I respect a great deal, my father’s feeling and compassion for the Native American Indians. They are all over the West. And where it particularly affected him was in the Wind Rivers. This huge mountain range in north-central Wyoming, the entire mountain range is on an American Indian reservation. He had so much respect for the ownership, the territorial rights, you might say, of the American Indians and that reservation, that when he and Carl Blaurock and Hermann Buhl, as we’ve been discussing today, decided to go up and do pioneering climbing in the Wind Rivers—never been done before—they went and saw the Indian chief that was in control of that reservation—it was in a small community on the east side of the Wind Rivers, New Boy [?] or Lander, I forget just exactly what it was—but I remember him telling me how he met with the Indian chief on the reservation. And he explained that they were mountain climbers for recreation, and they were helping the government learn about the mountains and take pictures and make maps and teach people about the sport of mountaineering. The Indian chief replied that their gods lived on those mountain tops and they wanted be very careful not to disturb their gods. My dad and Carl Blaurock reassured him that they would respect their gods living on the mountains and that they wouldn’t disturb them. And after considerable exchange with the old Indian chief, the Indian chief gave them permission to go up into the Wind Rivers and camp and climb, with his blessing. That’s the way he felt comfortable about going ahead and doing that. I’ve always admired that respectful attitude, because it just showed proper respect for the Native Americans.
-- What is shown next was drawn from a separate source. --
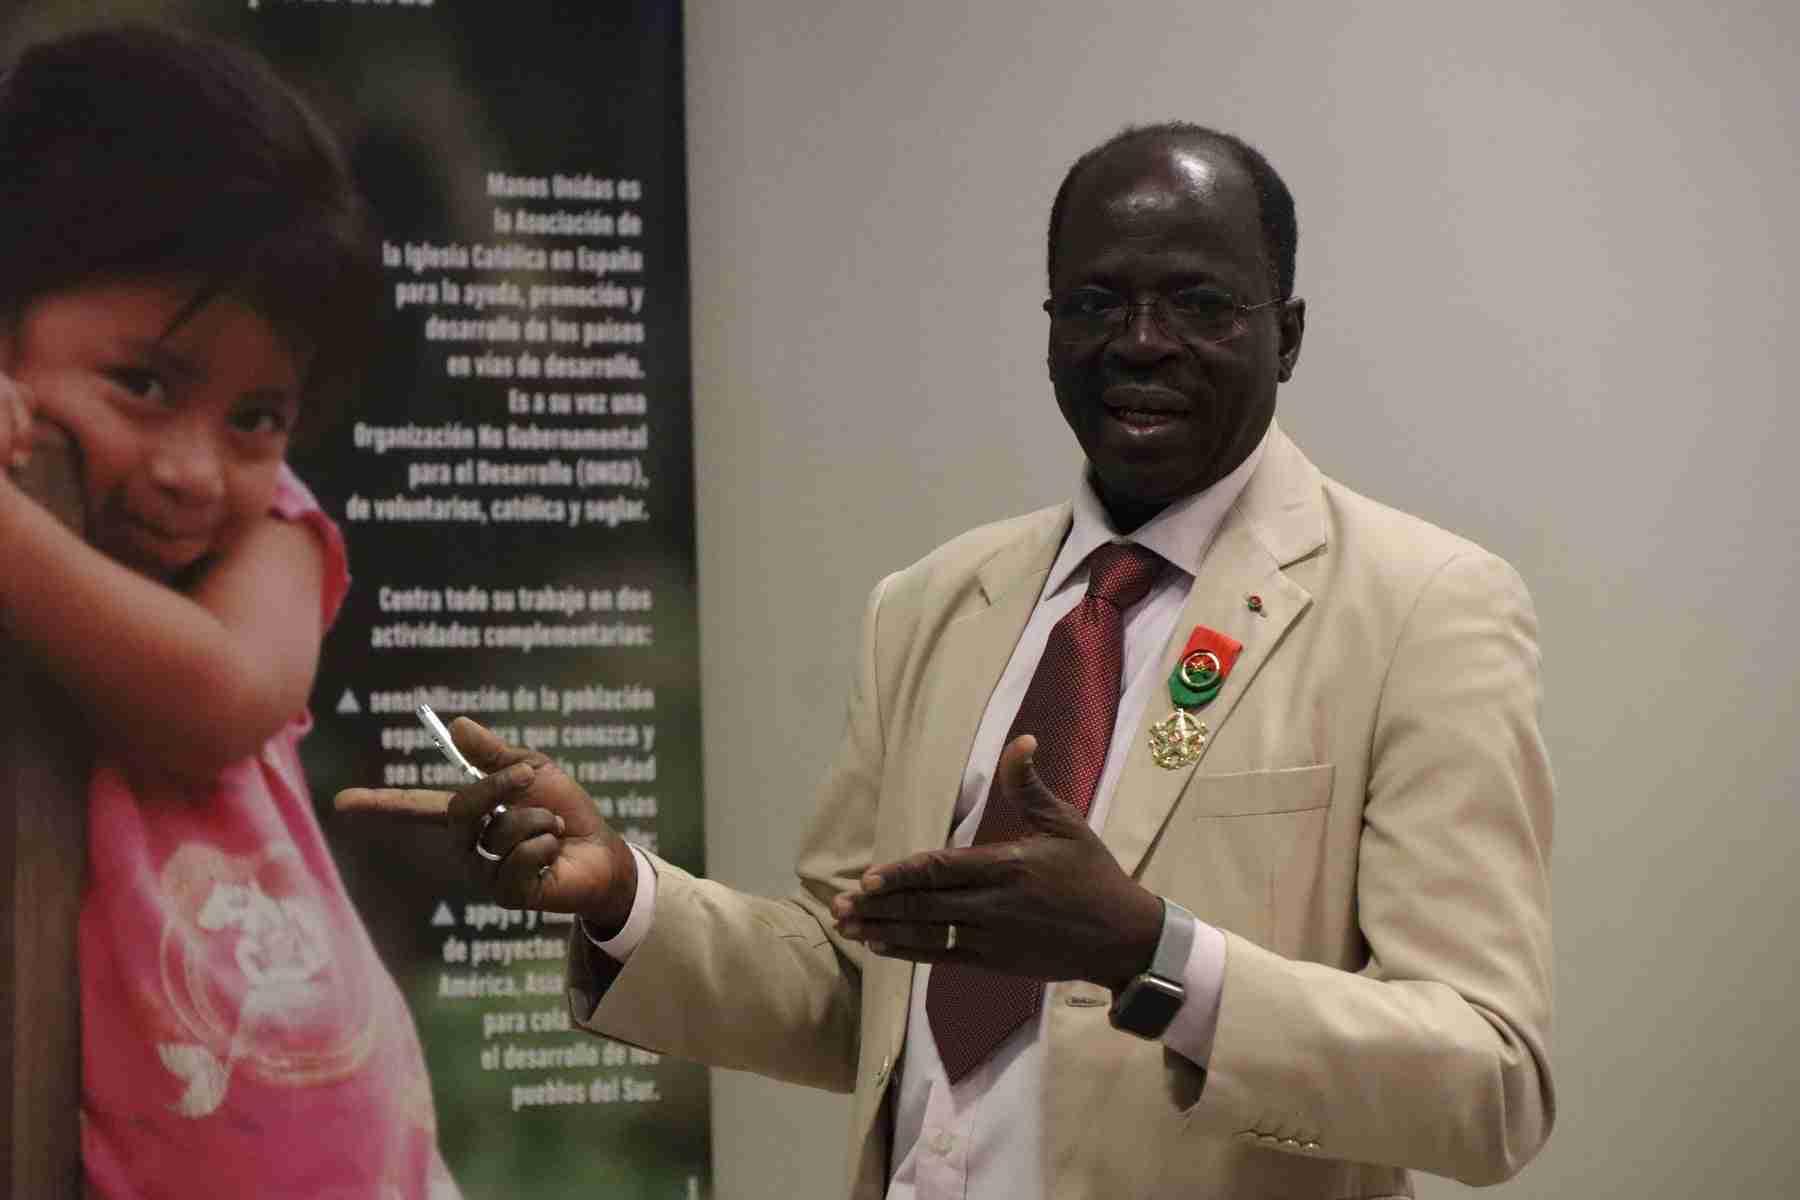 Hamidou Keivin presenta el proyecto de Manos Unidas en Burkina Faso 18

40:40 I tell my own little story, in connection with my own climbing, that goes along with that. I’ve had some interesting experiences with wild animals, in my climbing experience in the thirties and forties and fifties. Bears, and deer, and beaver, and porcupines, and so forth. I sum it all up this way: The wild animals that one meets in the mountains have their own life, they live their way. My climbing friends and I live our way. Those two ways of life don’t necessarily mix all that well. But we stay out of each others’ way; we don’t bother the animals, the animals don’t bother us. There’s plenty of room for both of us up there. I have a great respect for the Native American animals, and the mountain climbers, and the Native American Indians.